На улице ее ждет Макс — ледяной кофе Starbucks, широкий сарафан на футболку, расшитые пуговицами эспадрильи, солнечная улыбка до ушей.
Макс хватает Хлою за руку, сует ей свой кофе и касается губами щеки; Прайс смеется и кривится одновременно: напиток без сахара и сиропов.
— Фу!
— Я специально такой взяла, чтобы ты не выпила его! — радостно сообщает Макс, садясь в машину. — В прошлый раз я взяла себе с сахаром и… Я взяла его не себе, короче. Куда мы?
— Мне надо к Каю, — отвечает Хлоя, пристегиваясь. — Отвезти приглашение на новогоднюю вечеринку и закрытие.
Макс кивает и, засунув трубочку в рот, не сводит глаз с окна: Лос-Анджелес особенно красив своей новогодней солнечной красотой.

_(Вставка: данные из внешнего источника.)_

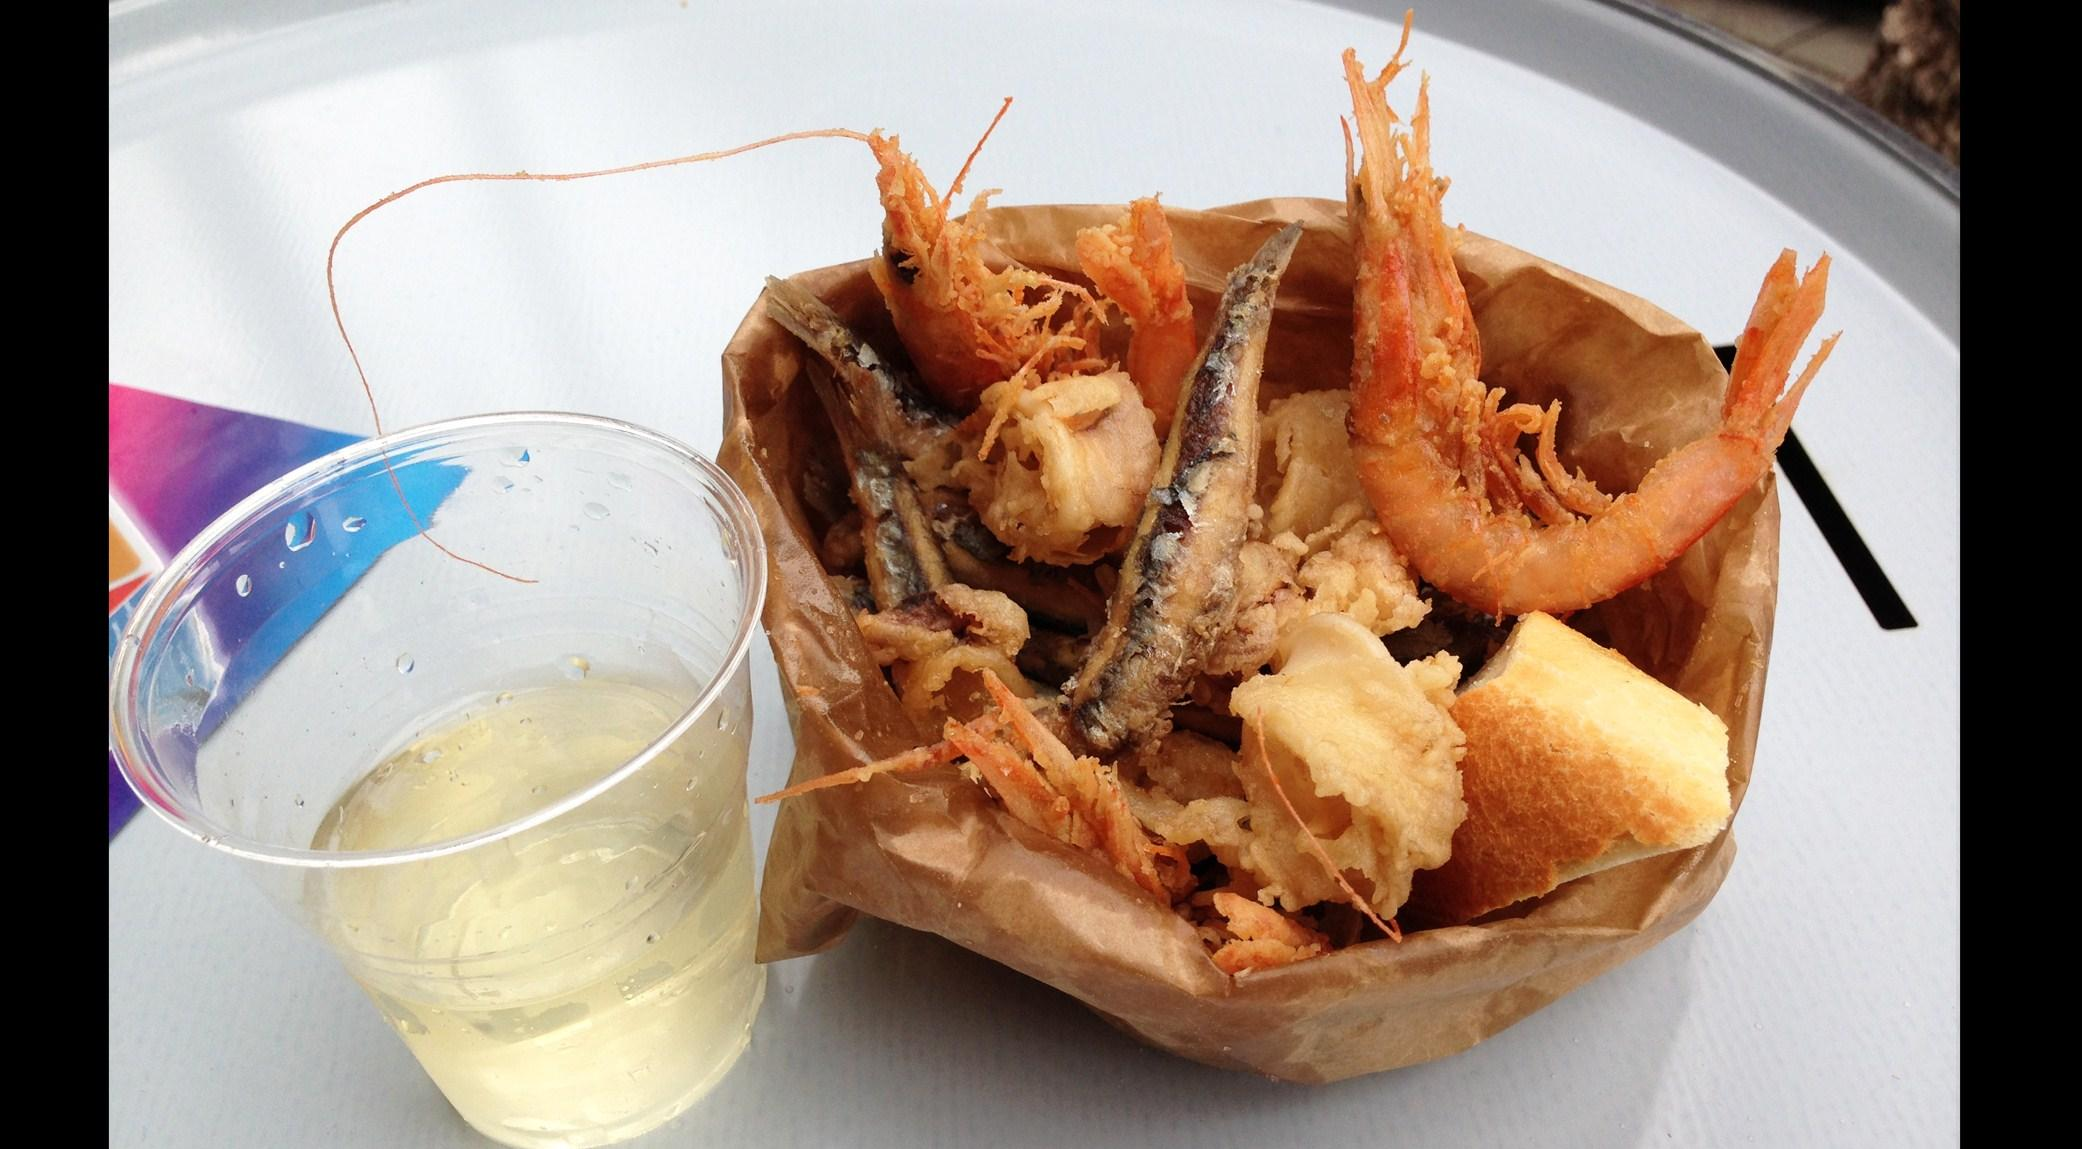 04-slow-fish-2013-frittura-pesce
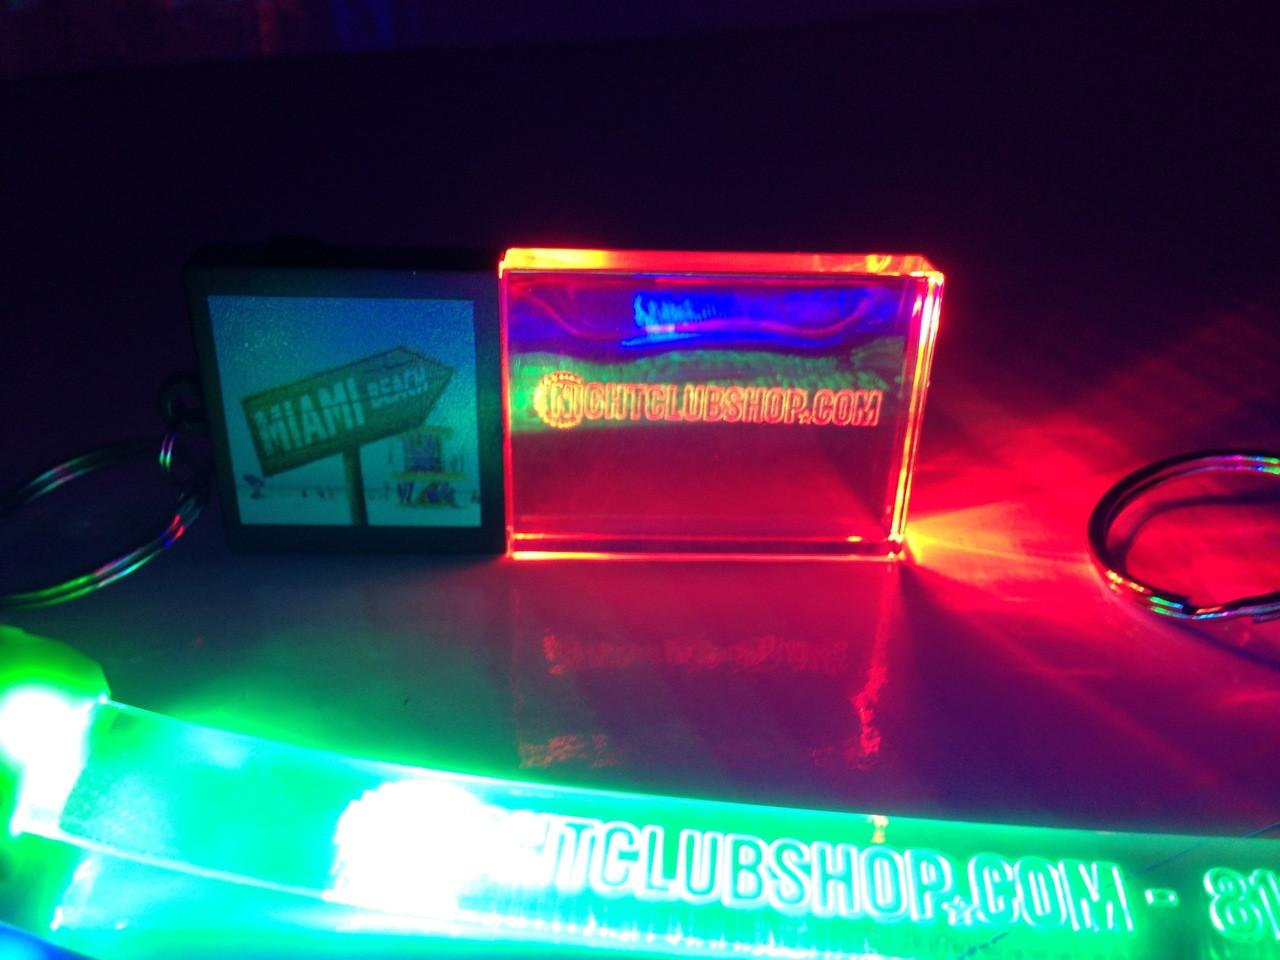 LED,Keychain,Key,chain,LED keychain, custom, BEAM, dual, print,engraved, logo,text, laser engraved,personalized,promo,merch,fundraiser,nightclub,fund raiser,sport

Хлоя закатывает рукава длиннющего — до пят — серого, расшитого ветками кардигана, поправляет синюю футболку и кладет руку на коробку передач.
«Туарег» плавно выезжает с Эмпайрн-уэй на Старс Авеню и едет по Западному Пико Бульвару, обгоняя машины. Макс крутит магнитолу, находит LA FM и тихонько подпевает Imagine Dragons; Хлоя неспешно курит в открытое окно, и серебристый дым кольцами окружает ее, пропитывая одежду табачным запахом.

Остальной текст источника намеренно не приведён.